— Знаю, — сказал Леонид.
— Стало быть, одному ехать, — в горестном раздумье заключила Прасковья Михайловна. — Одному тебе жить… — К ней вдруг вернулось то волнение, какое она испытала полчаса назад, узнав о решении сына. Она вновь залилась слезами и начала все сначала, как это и бывает в таких случаях. — Но ведь Алтай-то, Леонидушка, где-то очень далеко? — заговорила она, не в силах противостоять своему желанию удержать сына в Москве и по наивности думая, что ее замечание о дальности Алтая может отрезвить его. — Там же, сказывают, совсем дикий край, сплошная зима! Леонид заулыбался и спросил:
— Мама, а помнишь командира?
— Это какого же? Которого ранило у нашей деревни?
— Ведь его фамилия Зима…
— О господи! — всплеснув руками, воскликнула Прасковья Михайловна. — Вот смутья-ан! Вот смутья-ан!

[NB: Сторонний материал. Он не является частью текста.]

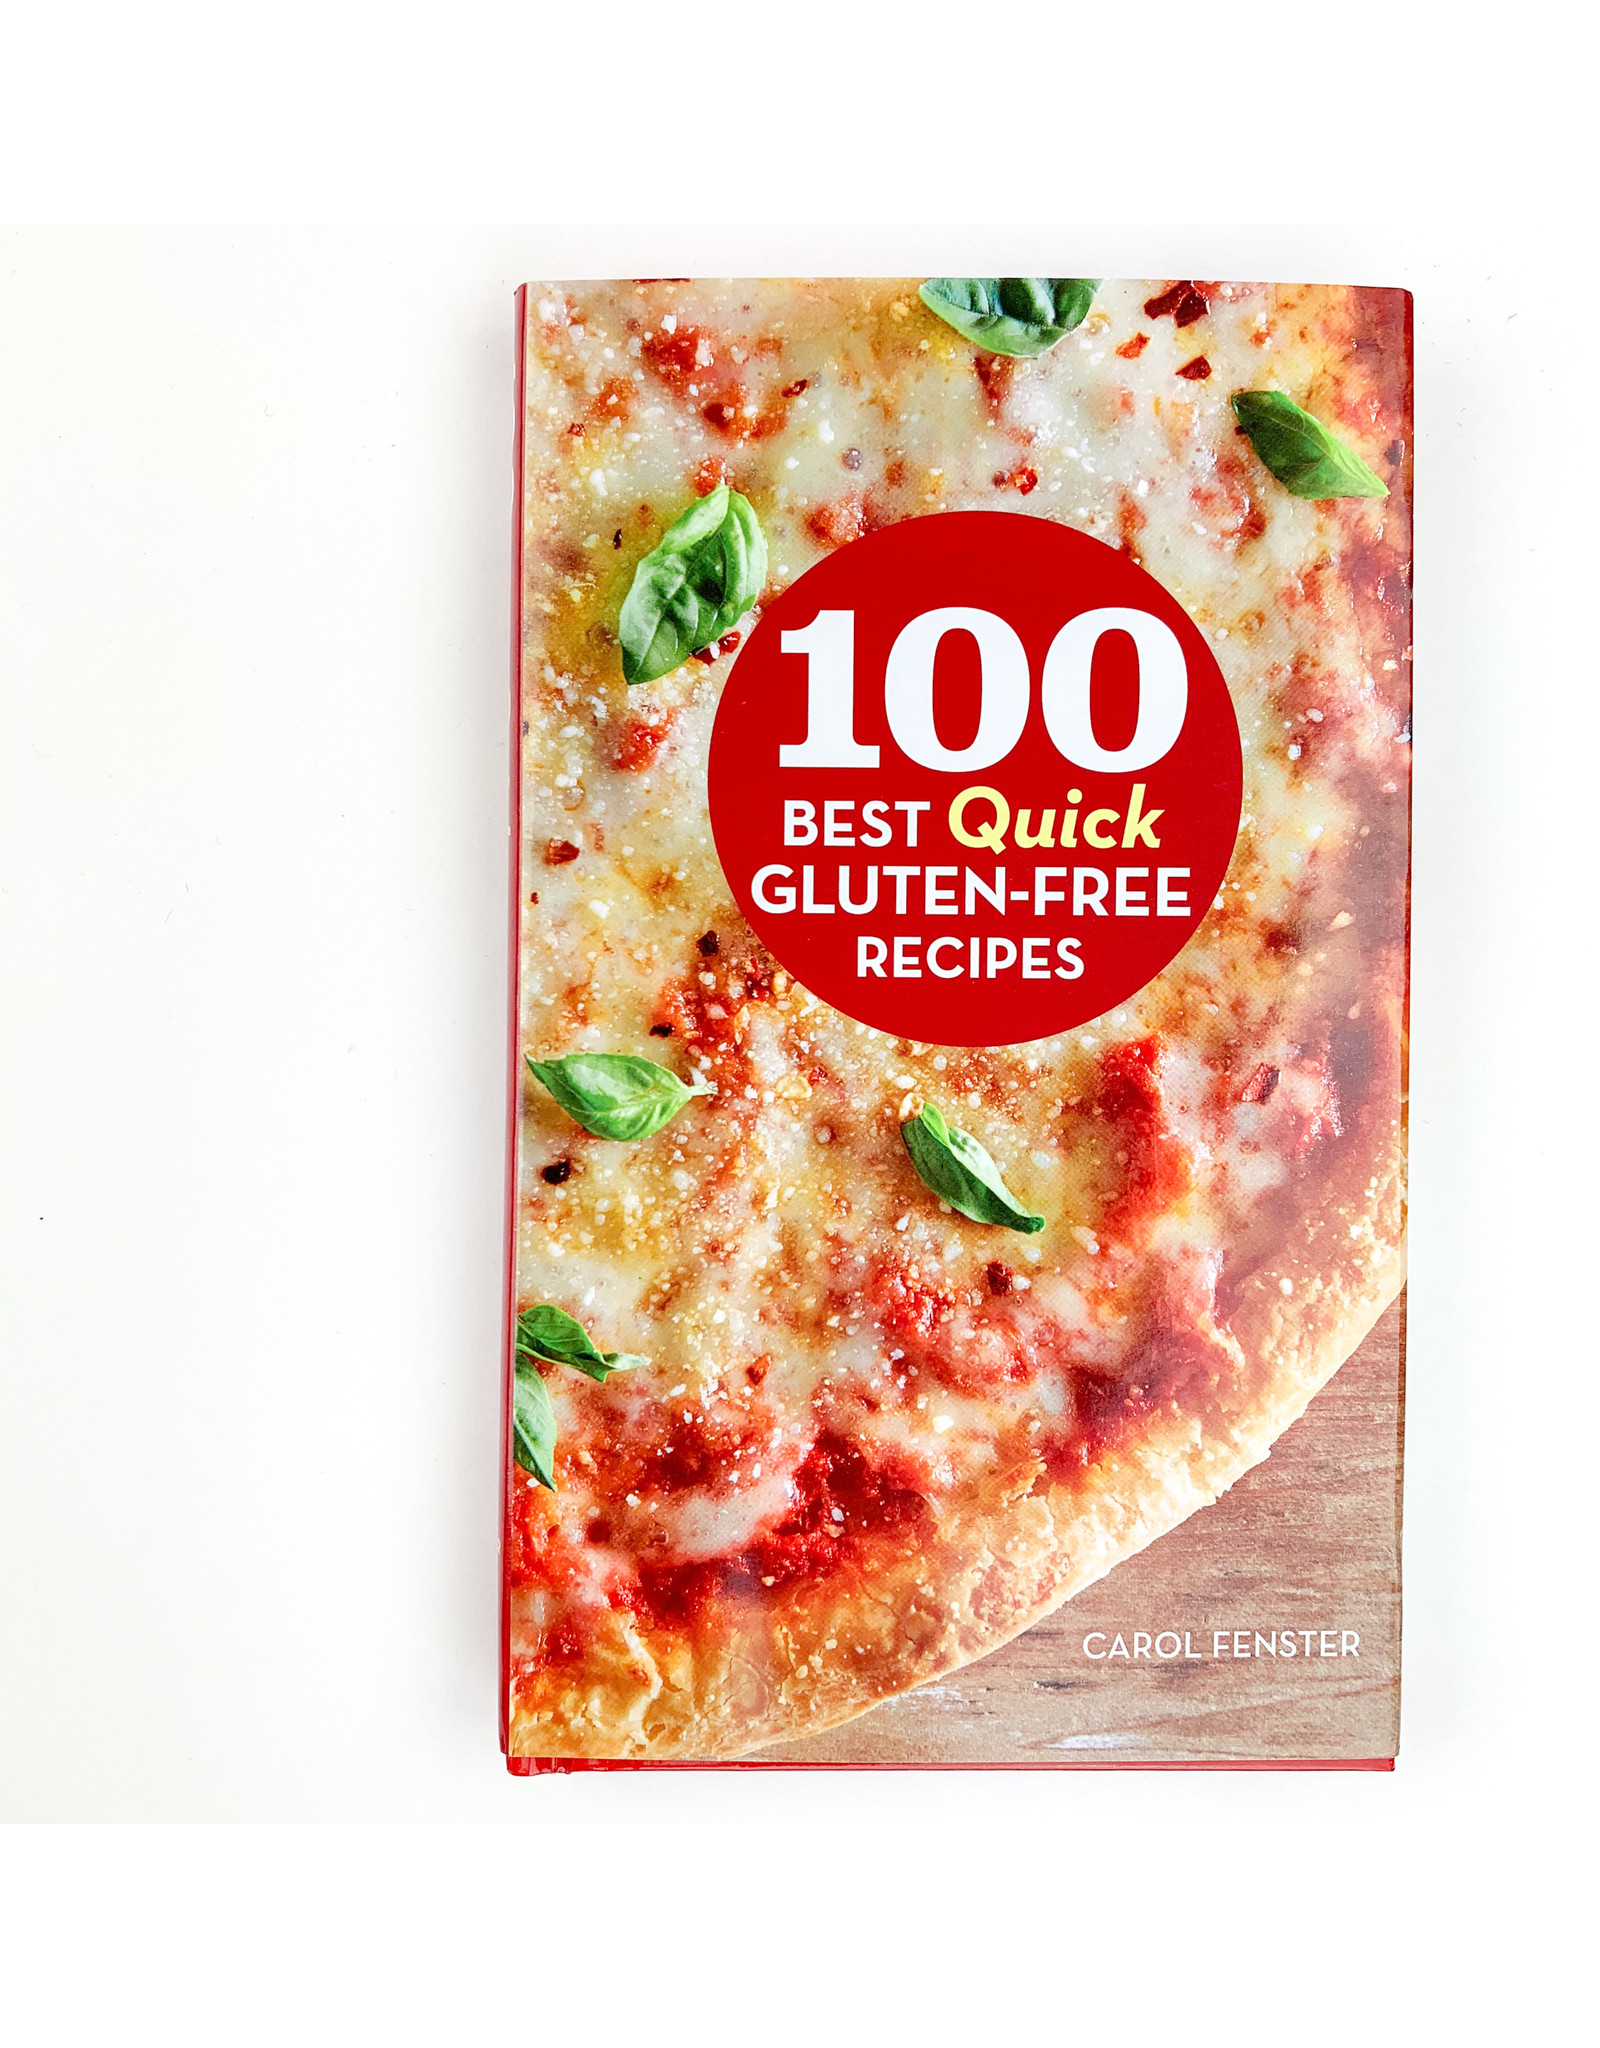 100 Best Quick GF Recipes

— Помнишь, как он рассказывал об Алтае?
— Помню, как же! Вот смутья-ан!
— Умер, наверно.
— Помер! — убежденно произнесла Прасковья Михайловна. — Сам помер, а тебя смутил. Какое ведь тяжелое у человека слово! Вон как все вышло!..
— Погоди, мама, я сейчас, — попросил Леонид и бросился в коридорчик.

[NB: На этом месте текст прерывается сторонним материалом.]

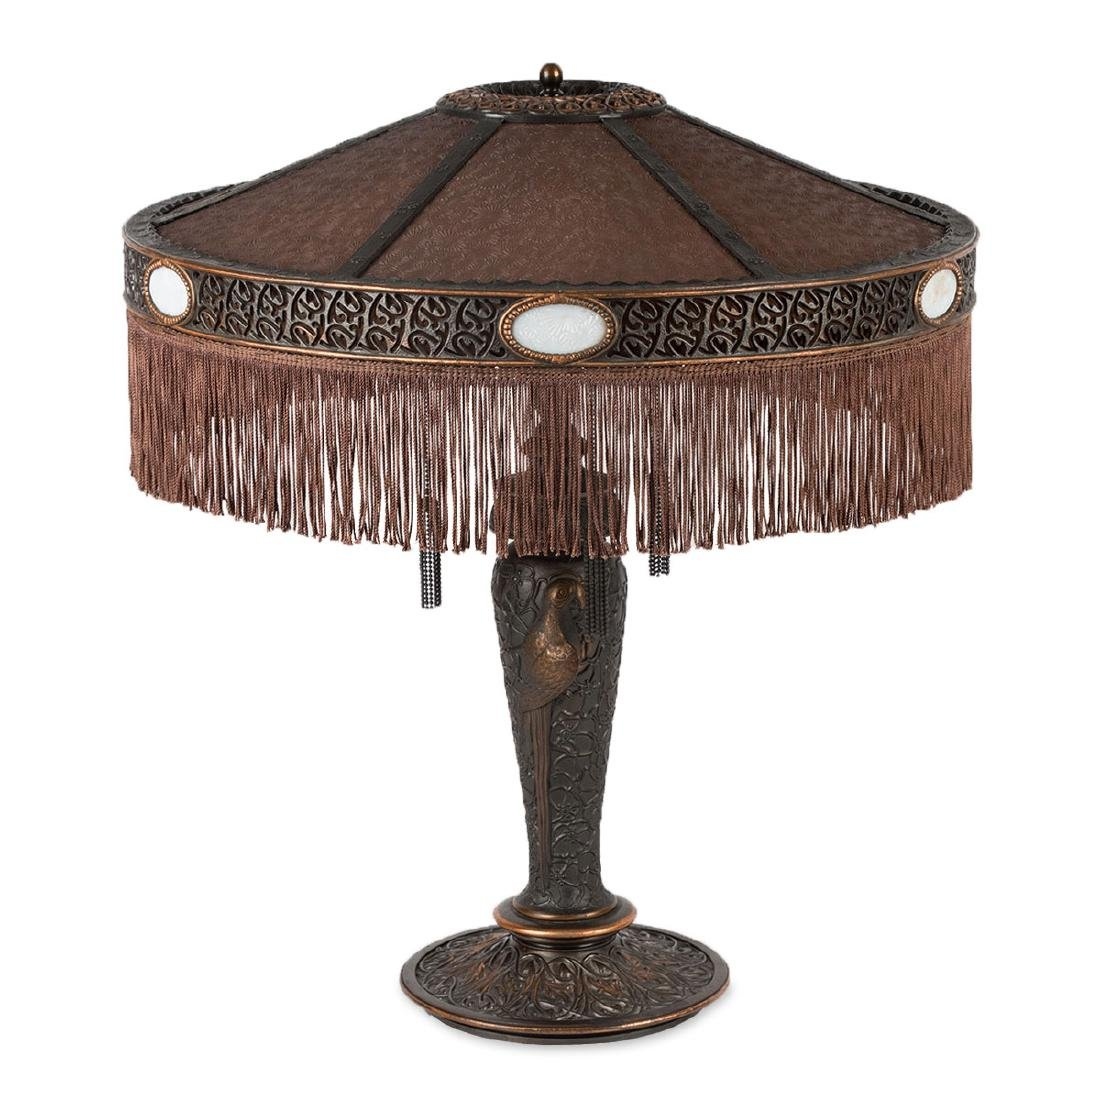 Parrot Motif Table Lamp

Вернулся он с туго набитым холстяным мешочком — в нем был немалый вес, так что его приходилось нести в обеих руках. У Прасковьи Михайловны затуманились глаза: этот мешочек был одной из дорогих фамильных реликвий. Леонид развязал мешочек перед матерью на подоконнике — в нем золотой россыпью светились крупные пшеничные зерна.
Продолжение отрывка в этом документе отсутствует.